The productivity of 2'-FL by recombinant yeast in the synthetic medium YPD30L2 was tested. As shown in Figure 14, 30 g/L glucose was completely consumed within the initial 4 h, and then the strain began to use the produced ethanol as a carbon source, showing a secondary growth state (Figure 14A). The initial addition of 2 g/L of lactose was undetectable after 48 h, resulting in about 0.7 g/L of 2'-FL (Figure 14B). The theoretical conversion rate of lactose to 2'-FL was 100%. Part of 2'-FL accumulated intracellularly and failed to be effluxed into the medium.
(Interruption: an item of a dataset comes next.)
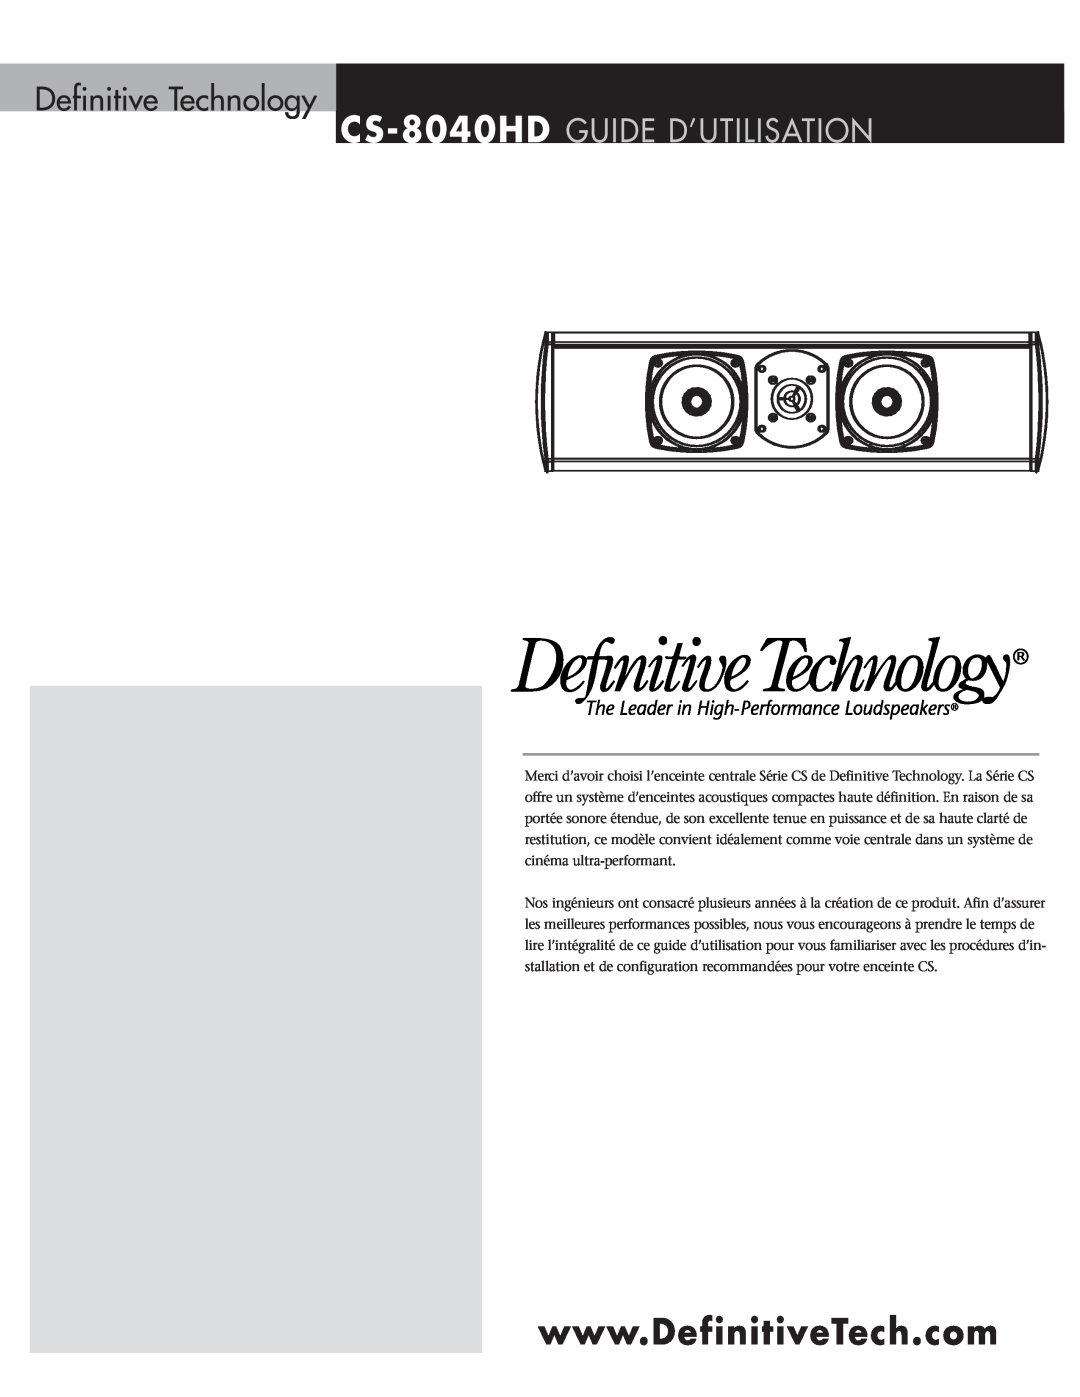 Definitive Technology owner manual CS-8040HD GUIDE D’UTILISATION, Definitive Technology

The productivety of 2'-FL by recombinant yeast from sweet potato residues was tested, as shown in Figure 15. Generally, the growth of the strain was slightly worse than that of the synthetic medium (Figure 15A), which may be due to the presence of some inhibitor for yeast growth in the sweet potato residues. The presence of lactose was not detected at 48 h, and the final yield was about 0.6 g/L 2'-FL (Figure 15B).

By expressing exogenous WbgL, lac12, gmd, and wacG genes, we constructed the metabolic pathway of 2'-FL and obtained a yeast cell factory with high production of 2'-FL. Our fermentation experimental data show that the gene-edited yeast cells can produce 2'-FL at a high level of 0.6-0.7g/L. At the same time, we integrated the exogenous gene lac12 into yeast, so that yeast cells have the ability to efflux 2'-FL into the medium. This is in line with the fact that the fermentation of high-yield 2'-FL by Saccharomyces cerevisiae, which is mainly based on food safety, has become a research hotspot and difficulty, and it is also the key to solving practical social problems. Last but not least, the CRISPR-Cas9 gene editing technology we used in this project is a good case. In the future, we can use this technology to continue editing yeast genomes to create more diverse yeast cell factories and produce more meaningful metabolites.